HIV TESTS AND TESTING
Laboratory diagnosis of human immunodeficiency virus (HIV) infection relies most
commonly on the detection of antibodies to the virus in plasma. Currently available tests
have a high degree of sensitivity and specificity in most clinical situations.
Antibody Response to HIV Infection
HIV viral proteins are divided into three groups:
1. Envelope proteins: glycoproteins gp 120, gp 41, and gp 160
2. Polymerase proteins: reverse transcriptase p66 and the integrase p31
3. Core proteins: major structural proteins p24 and p18 and proteins p7 and p55.

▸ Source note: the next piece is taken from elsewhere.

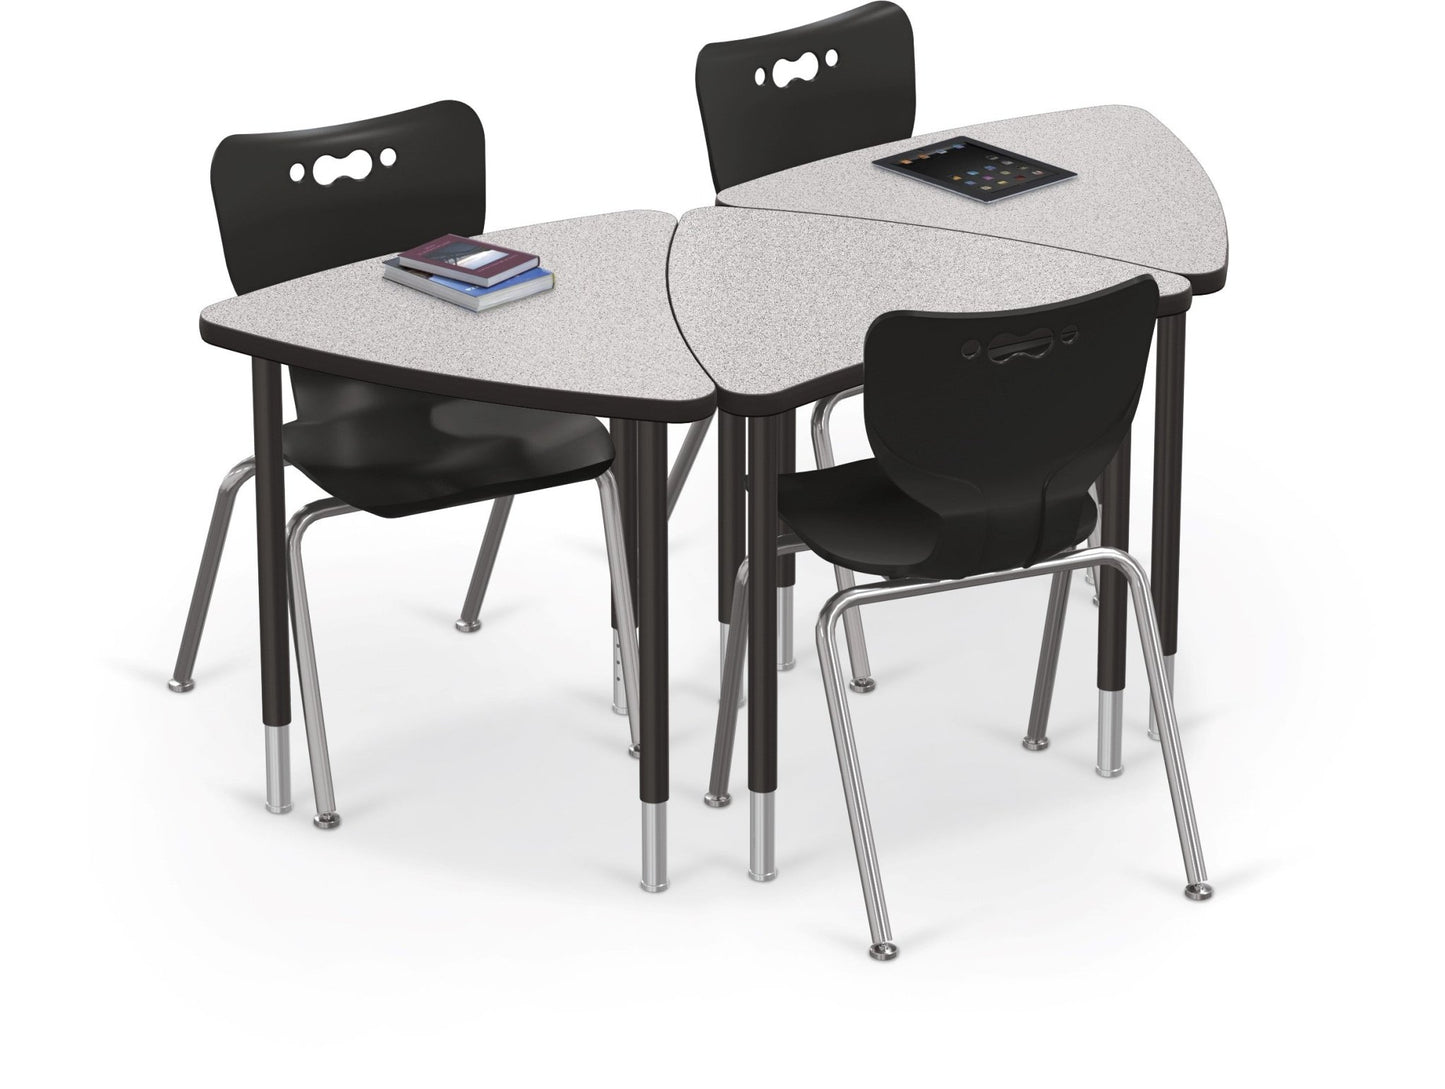 Mooreco Creator Configurable Tables - Chevron - Black Edgeband - Black Legs (Mooreco 1633P1) - SchoolOutlet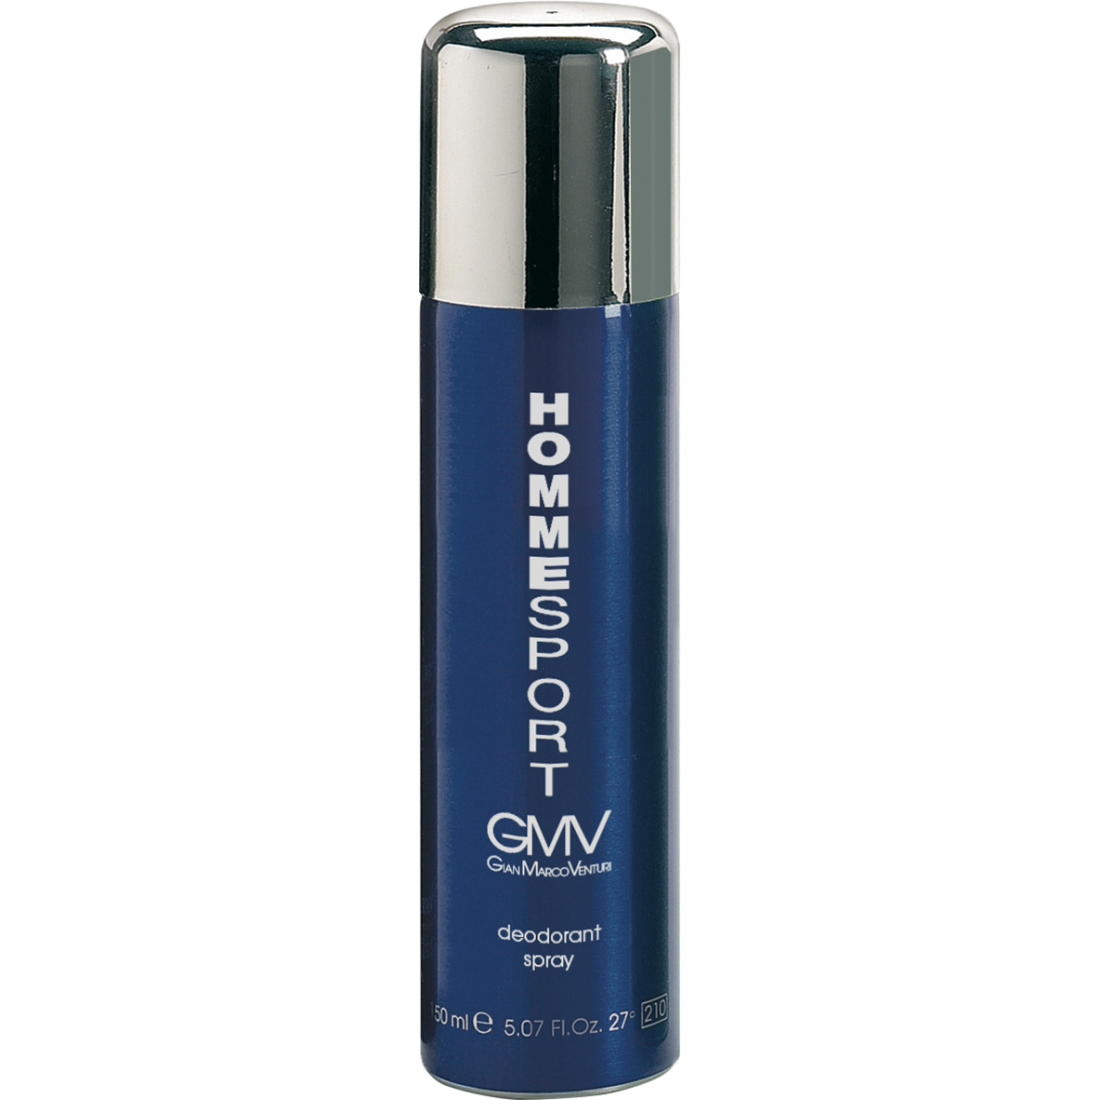 Gian Marco Venturi GMV Homme Sport Deodorant Spray

After transmission, the core HIV protein, p24 antigen, is the first marker to be detected
in the serum, within 2 weeks of infection. Antibodies to p24 begin to appear in the serum
within 1 to 2 months and their appearance correlates with a decline in p24 antigen. In
addition, antibodies to the envelope glycoproteins (gp 160 and gp 120) and the
transmembrane glycoprotein (gp 41) appear within 2 to 6 weeks of infection.
Testing of HIV Infection
Enzyme immunoassay (EIA): The EIA is performed by binding partially purified virus
(from strains grown in infected cells) containing envelope and core proteins to a solid
phase that is subsequently exposed to patient serum to allow for antigen-antibody
binding. After washing away the unbound immunoglobulin, the solid phase with bound
antigen-antibody is exposed to an enzyme-labeled anti-human globulin. The final
complex is then exposed to an enzyme substrate, which leads to a colorimetric reaction
that is proportional to the amount of bound anti-HIV antibody in the patient plasma.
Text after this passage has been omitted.